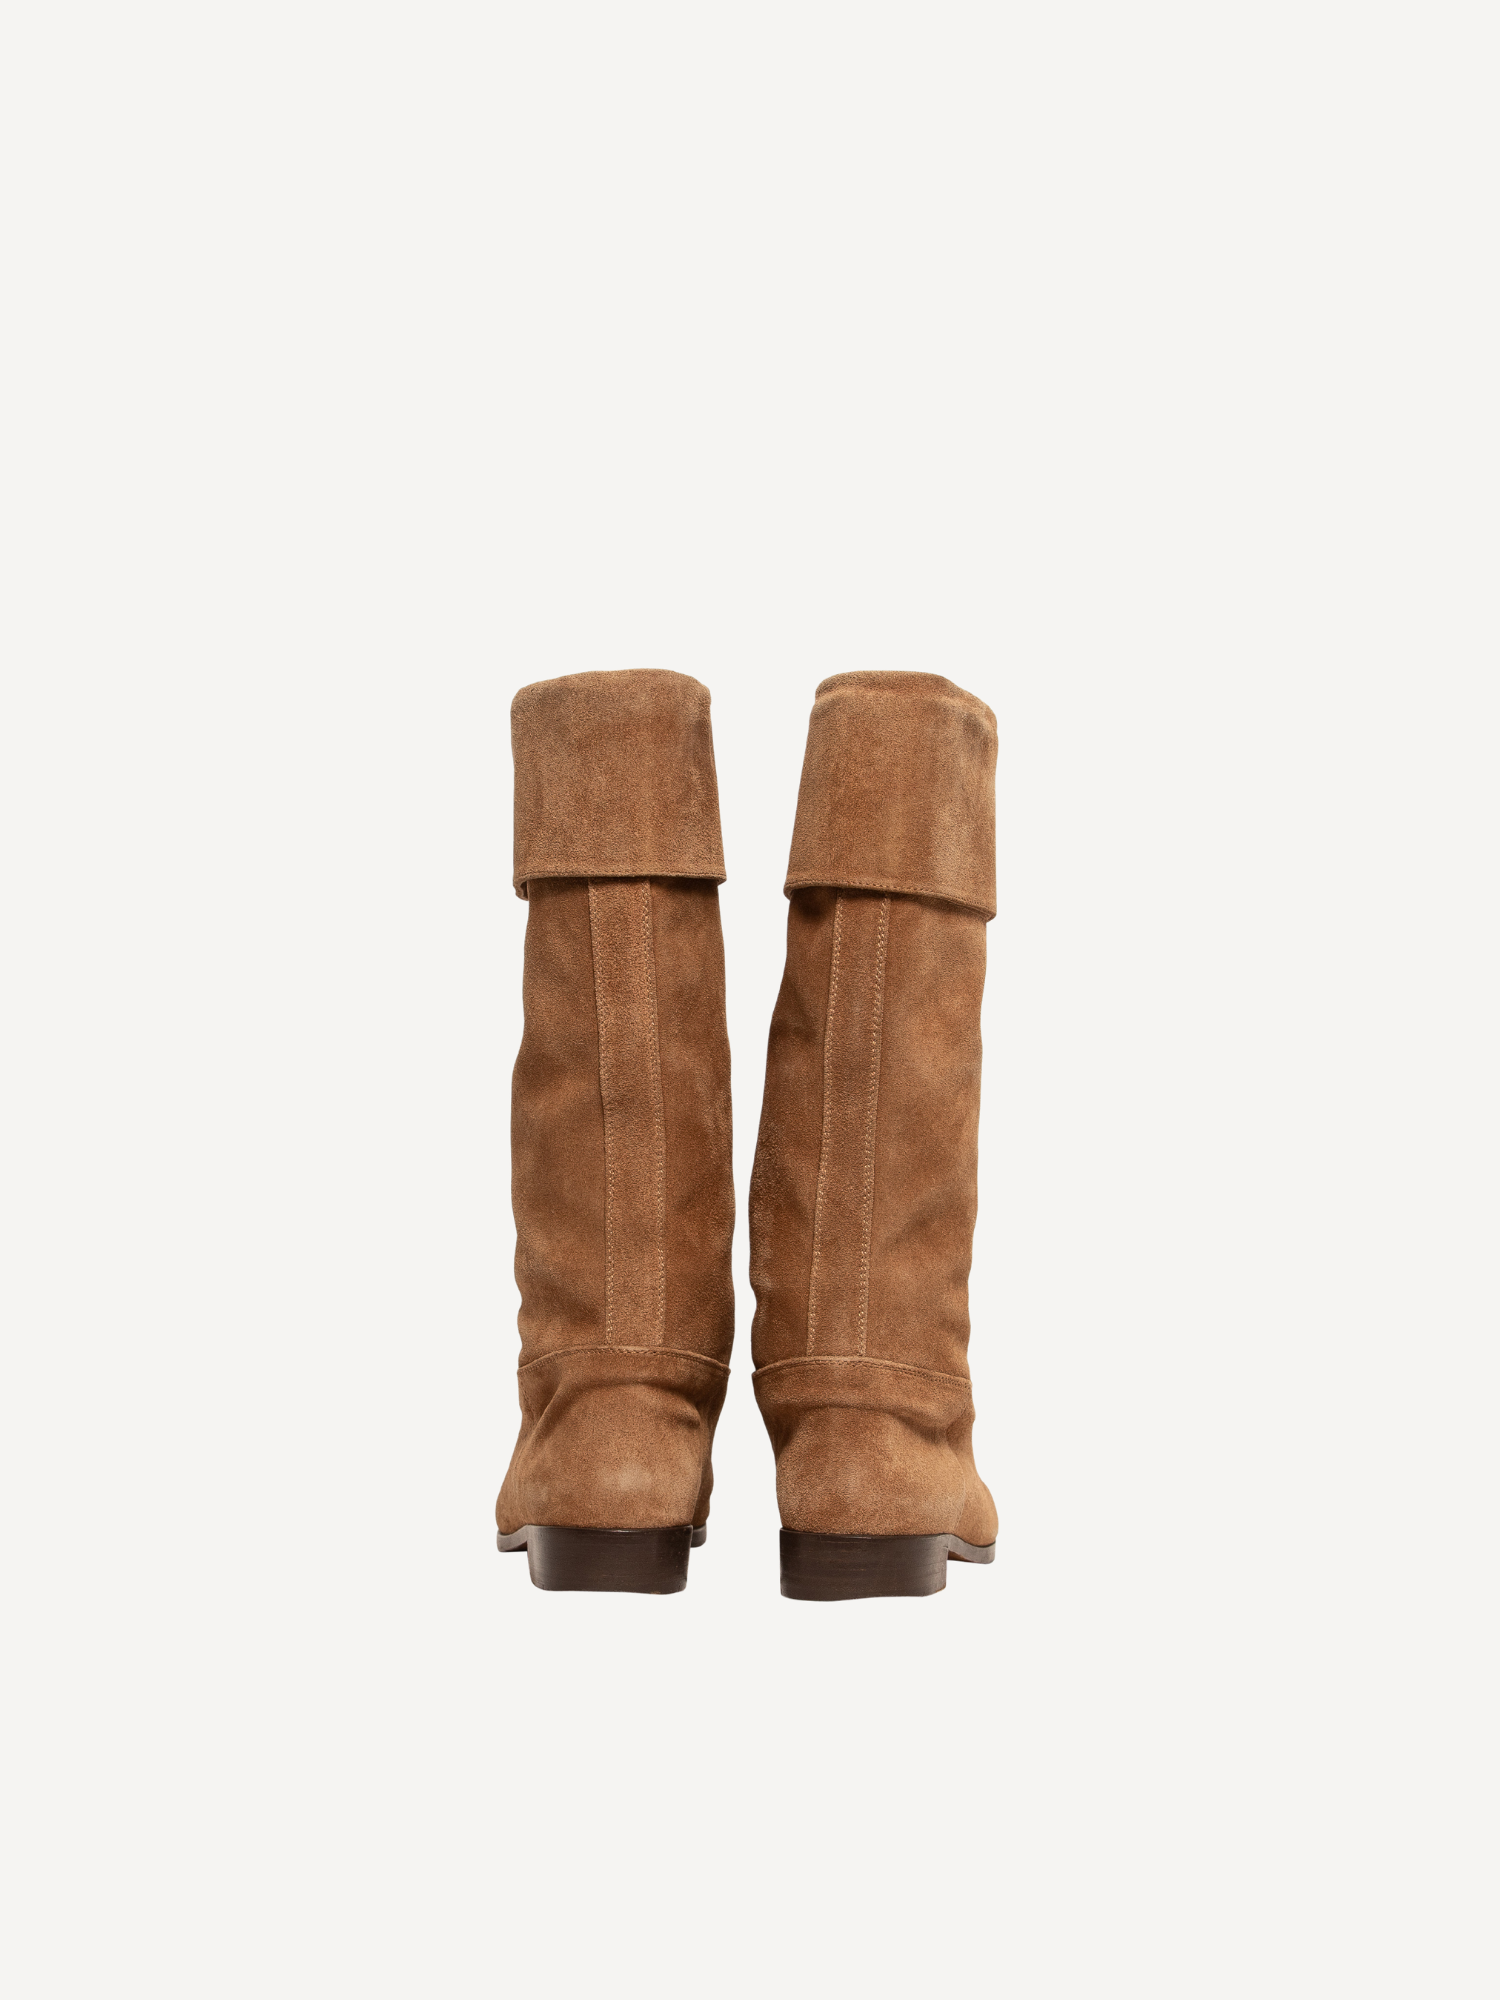 Chanel Turnlock Suede Leather Riding Tall Boots
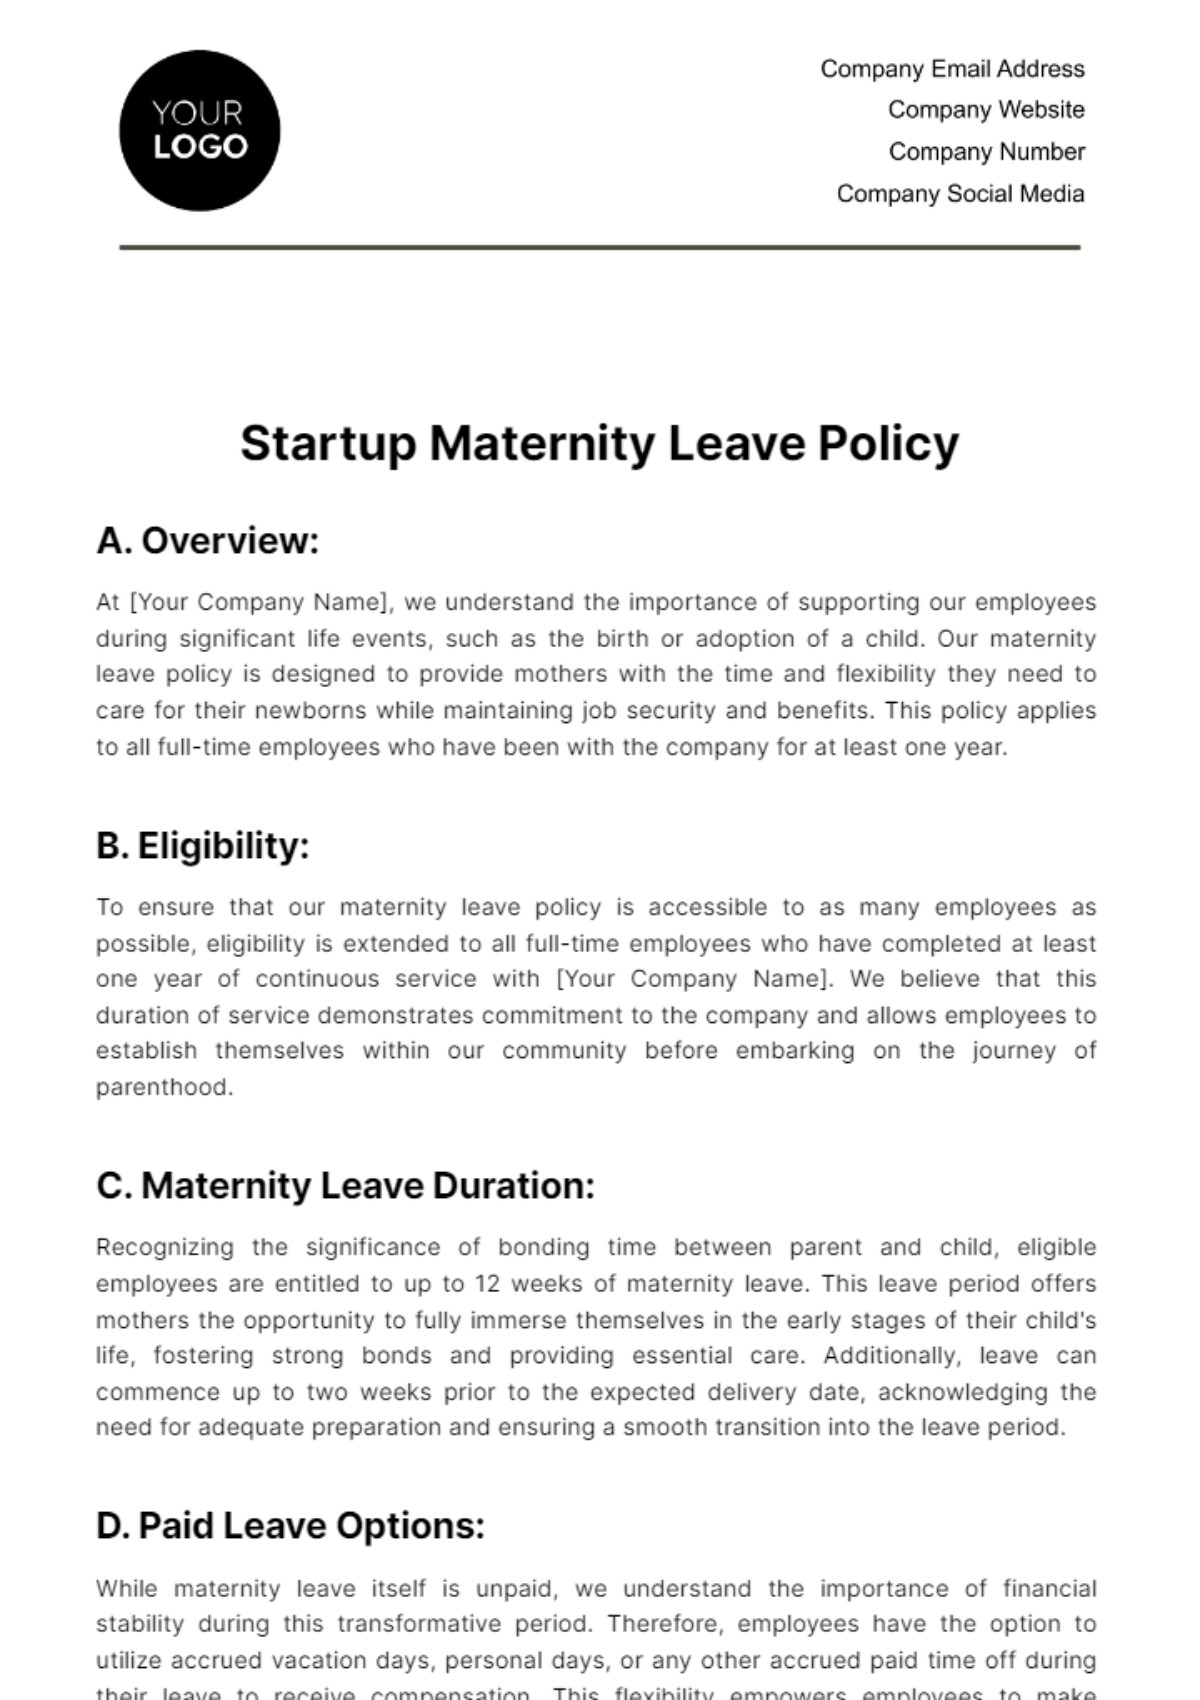 Startup Maternity Leave Policy Template
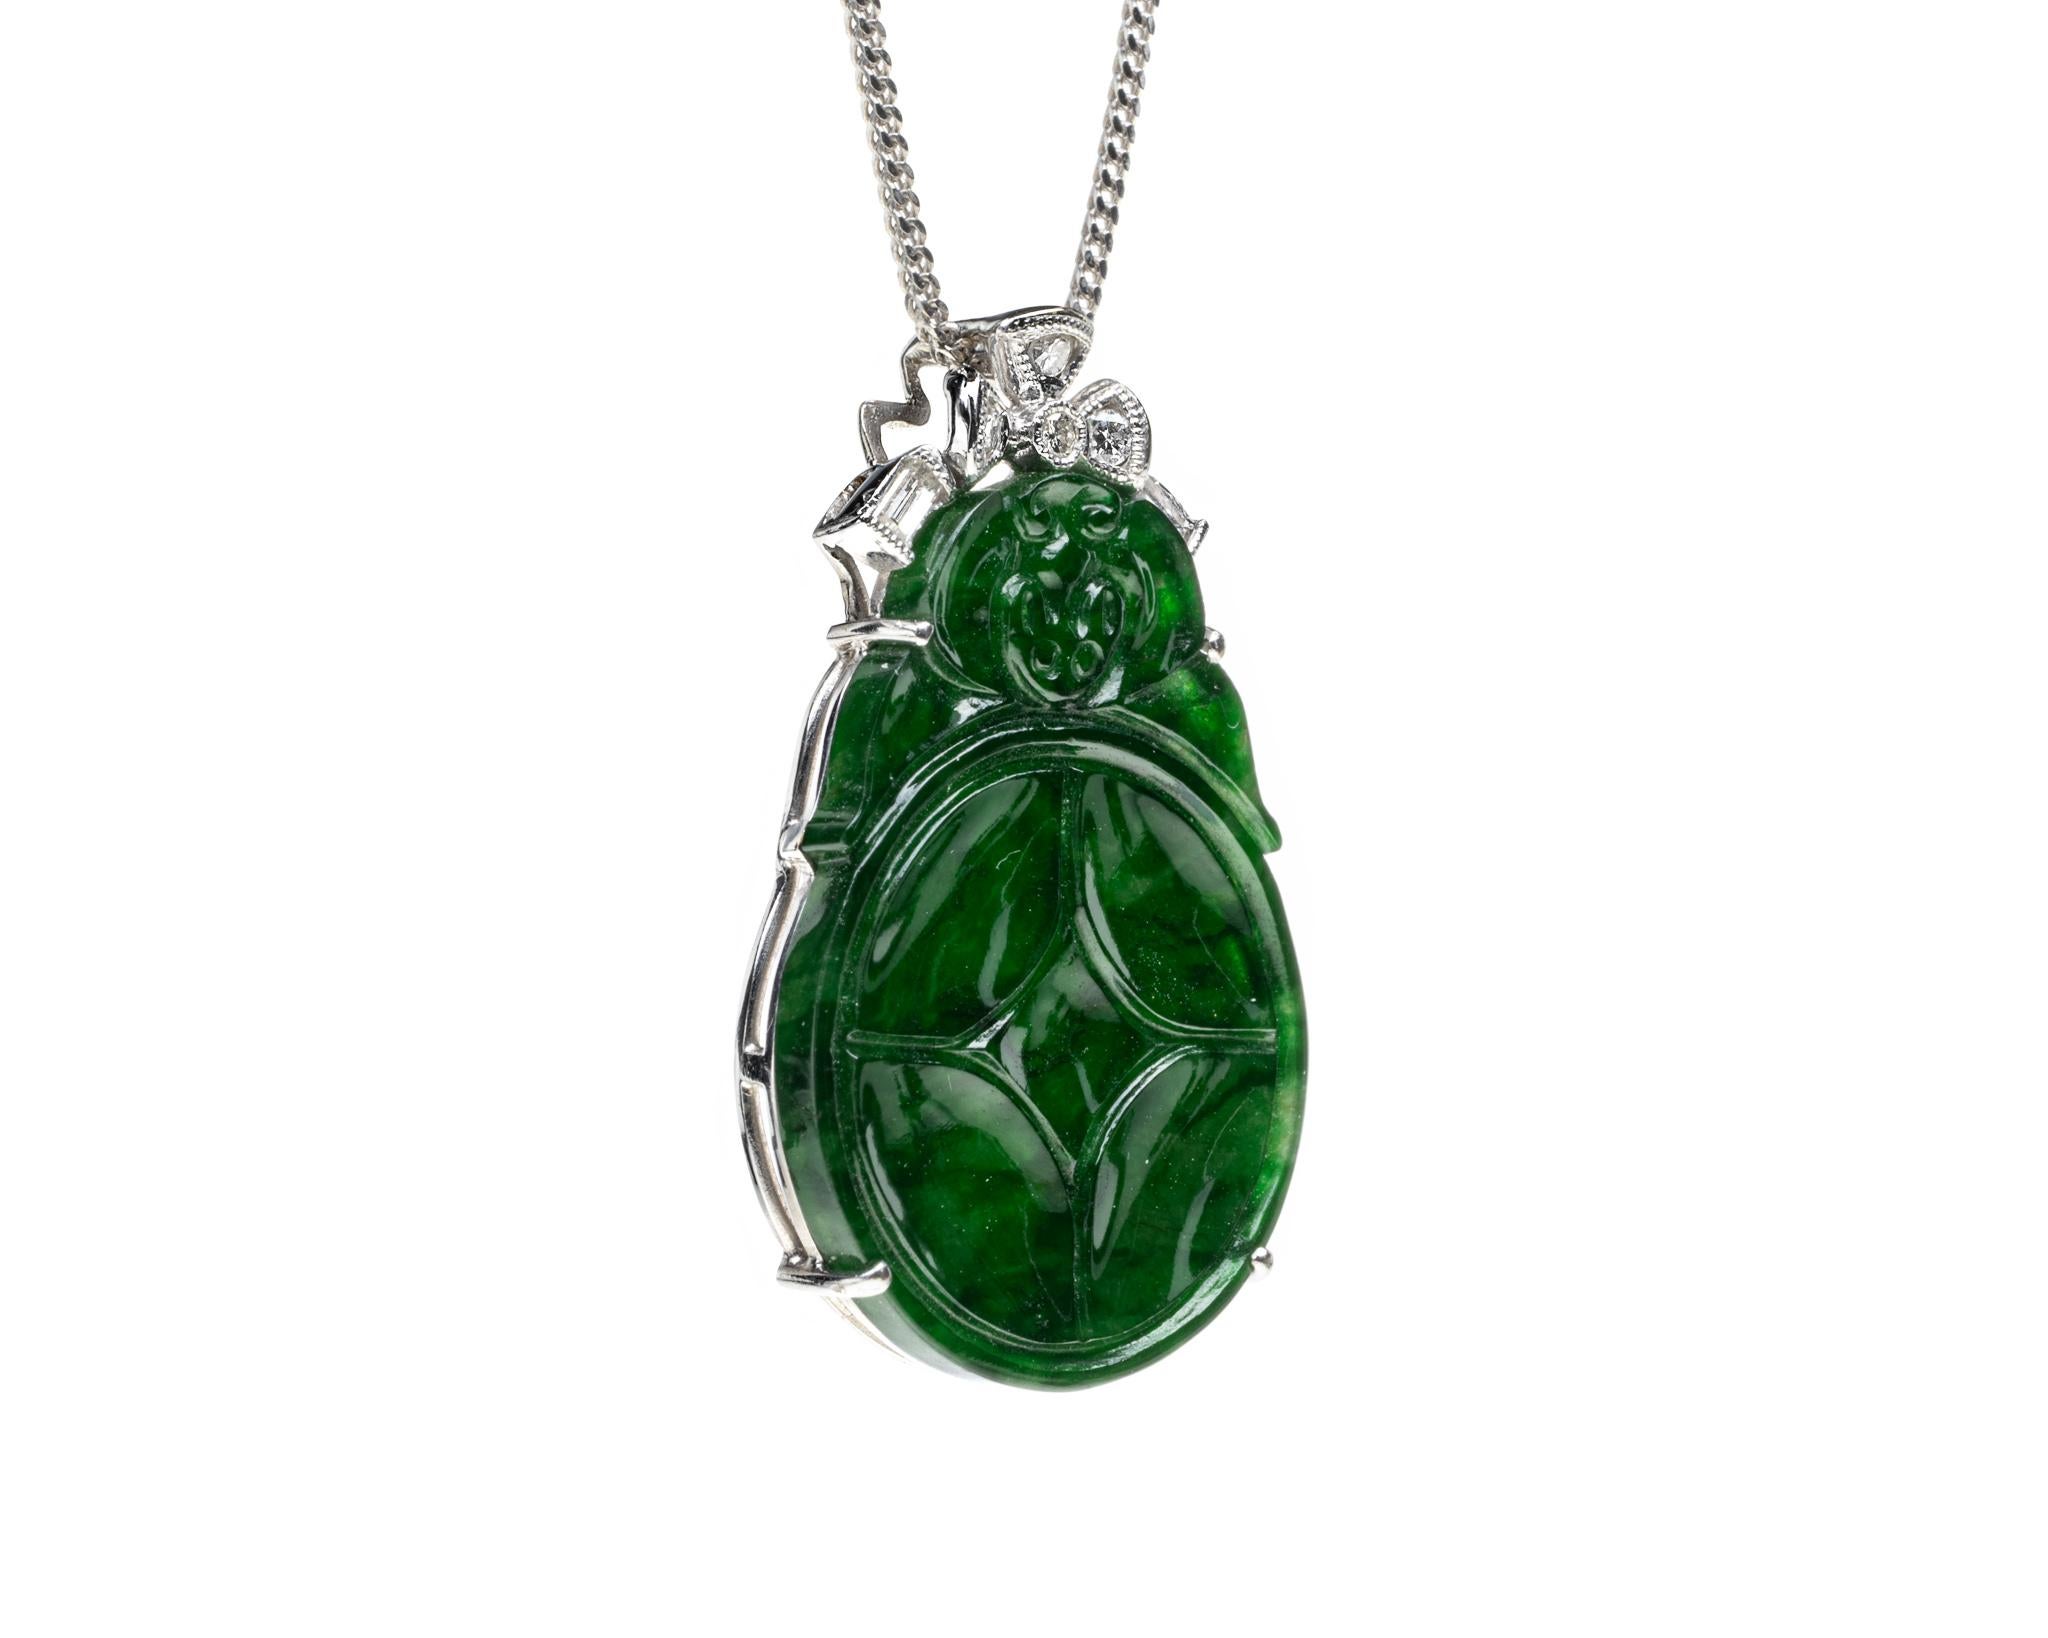 This is an all natural, untreated jadeite jade carved coin pendant set on an 18K white gold and diamond bail.  The carved coin symbolizes money, wealth and prosperity.
   
It measures 1.28 inches (32.5 mm) x 0.79 inches (20.2 mm) with thickness of

_TASK ITEM:_
Please copy the data shown above precisely, leaving the images out.

_YOUR RESPONSE:_
 Chanel Turnlock Suede Leather Riding Tall Boots
 Startup Maternity Leave Policy Template
 This is an all natural, untreated jadeite jade carved coin pendant set on an 18K white gold and diamond bail.  The carved coin symbolizes money, wealth and prosperity.
   
It measures 1.28 inches (32.5 mm) x 0.79 inches (20.2 mm) with thickness of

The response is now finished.